Я сказала с легким раздражением:

— Вам не следует оскорблять ее подозрениями. Уверена, она их не заслуживает.

— Уверены?

— Я… Не думаю, что люди способны на подобное.

— У вас доброе сердце, и вы верите, что все кругом добры. С вами должно быть очень покойно.

Он начал рассказывать об открытиях, и я поняла, что он хорошо осведомлен. В частности, Нэйпир упомянул мозаичную мостовую. Он считал ее самой яркой из всех виденных в Британии.

Я неосторожно заметила:

— Применение льняного масла и воздействие солнечного света хорошо помогает восстановлению цветов. — Неосознанно я цитировала Рому. — Хотя, конечно, цвета проявились бы еще ярче, если бы на них действовало тропическое солнце.
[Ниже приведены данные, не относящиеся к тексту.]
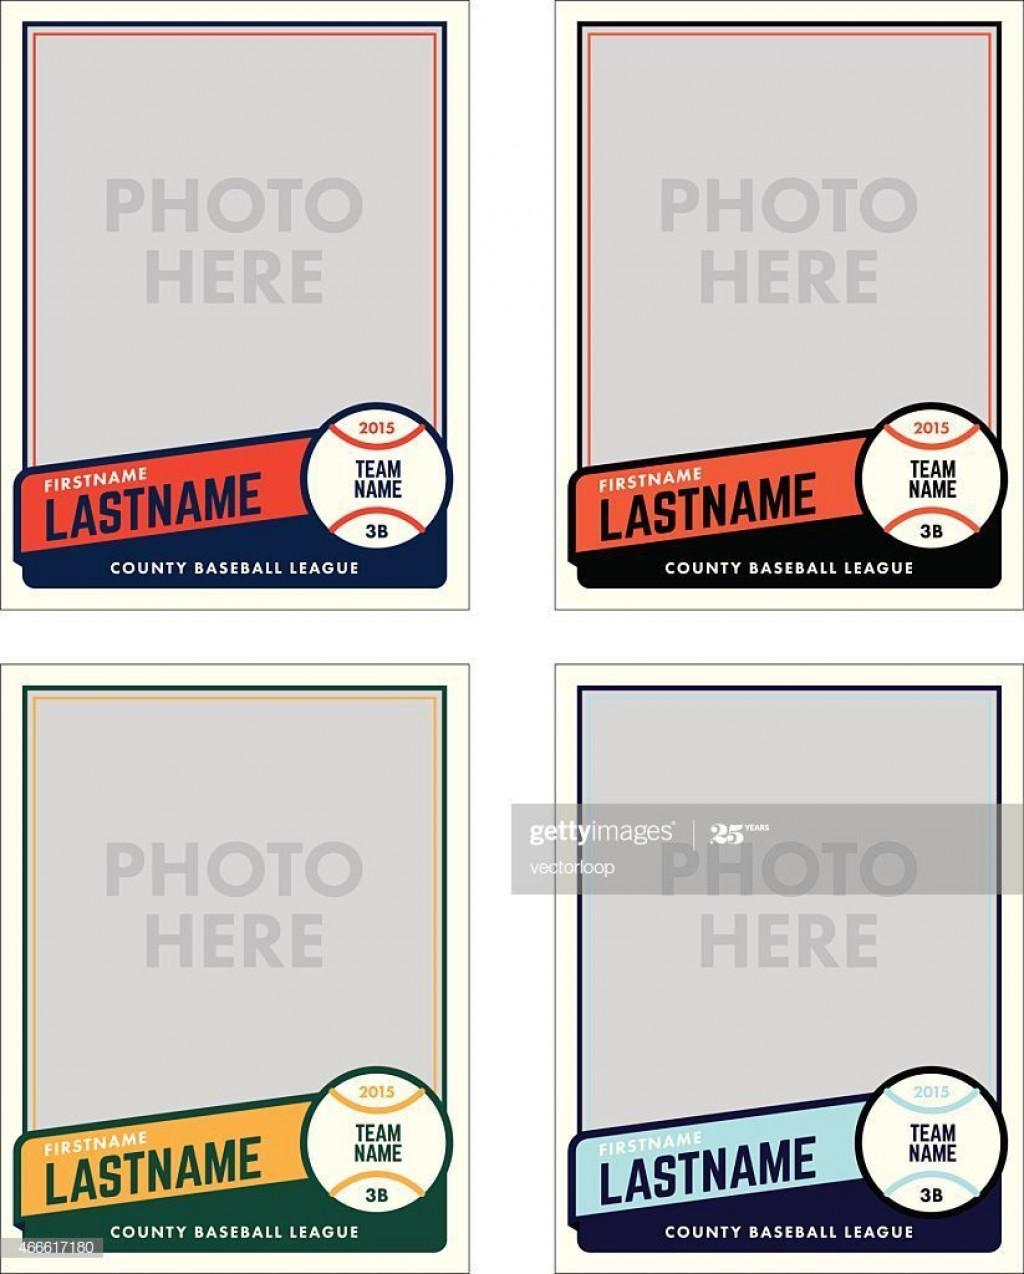 003 Wondrou Baseball Card Template Photoshop Highest Quality  Topp FreeLarge
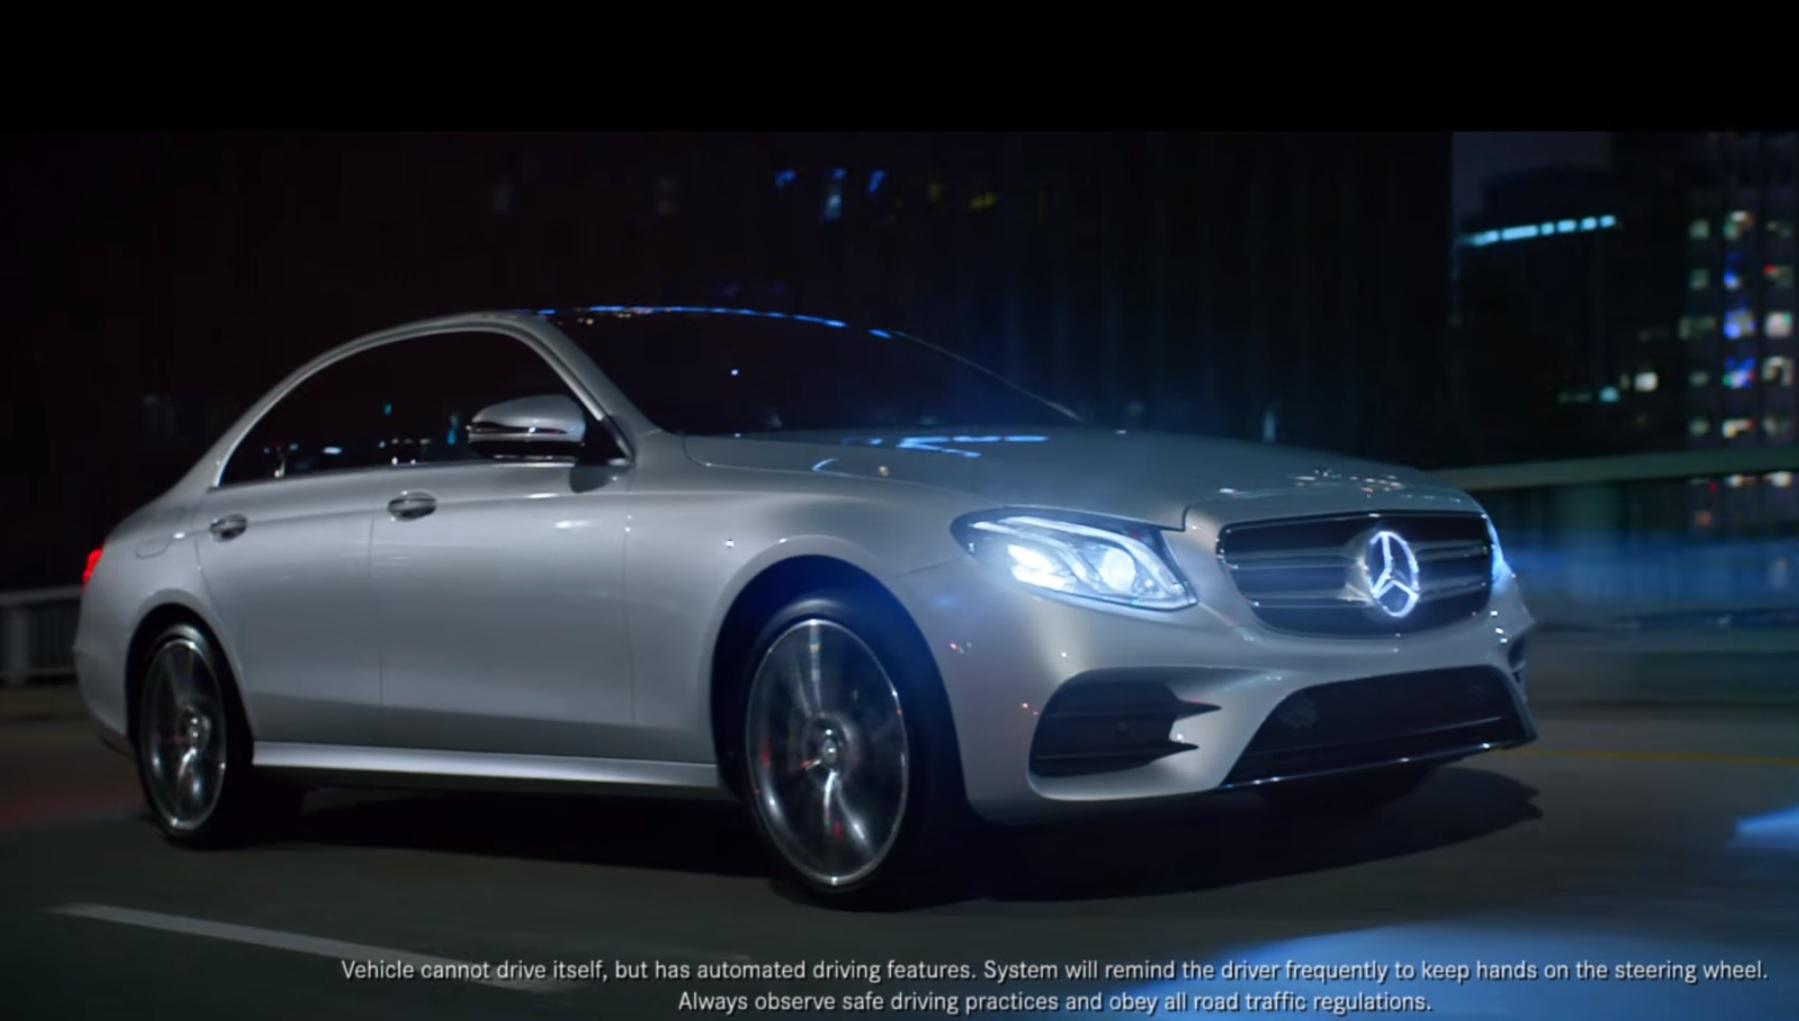 Mercedes-Benz E-Class Commercial

— Вы показываете замечательные знания предмета! — Опять неверный шаг. Этот человек обладал способностью выбивать почву из-под ног. Он улыбнулся, и я заметила блеснувшую полоску зубов, таких же ярких в своей белизне, как и его голубые глаза на смуглом лице. — Вы случайно не археолог?

Я рассмеялась, но смущенно.

— Надеюсь, вы здесь не с тайной миссией? — он продолжал допытываться. — Не вылезете ночью из окна и не начнете подкапываться под фундамент нашего дома?

Я подумала: “Может, он и в самом деле знает? А если даже и так, что он может сделать? Он убил своего брата. Что он знает об исчезновении Ромы?” И произнесла как можно спокойнее:

— Если бы вы имели хоть какое-то представление об археологии, то понимали бы, что я не знаю почти ничего. Любому известно, что солнце и льняное масло восстанавливают цвет.

— Ну уж и любому. Я, например, об этом не знал. Но, возможно, я слишком плохо осведомлен.

Перед нами мелькнул дом, особенно великолепный на фоне синего моря.

— Единственное, что у нашей семьи есть общего с римлянами, — сказал он, — они тоже умели выбирать места для постройки дома.

— Чудесное место, — сказала я, растроганная видом.

— Рад, что оно вам нравится.

— Вы, наверное, гордитесь тем, что принадлежите к этому дому?

— Я предпочел бы сказать, что дом принадлежит нам. Вы когда-нибудь думали, сколько историй могли бы рассказать эти кирпичи, если б умели говорить? Вы романтик, миссис Верлен. — Опять Пьетро. Романтик под маской сдержанности… Неужели так заметно, несмотря на все мои усилия спрятать это поглубже после смерти Пьетро?

— Нет, действительно, — продолжал он, — какая жалость, что кирпичи не разговаривают. Они могли бы поведать много скандального. Но ведь вы верите в то, что люди добры, а, миссис Верлен?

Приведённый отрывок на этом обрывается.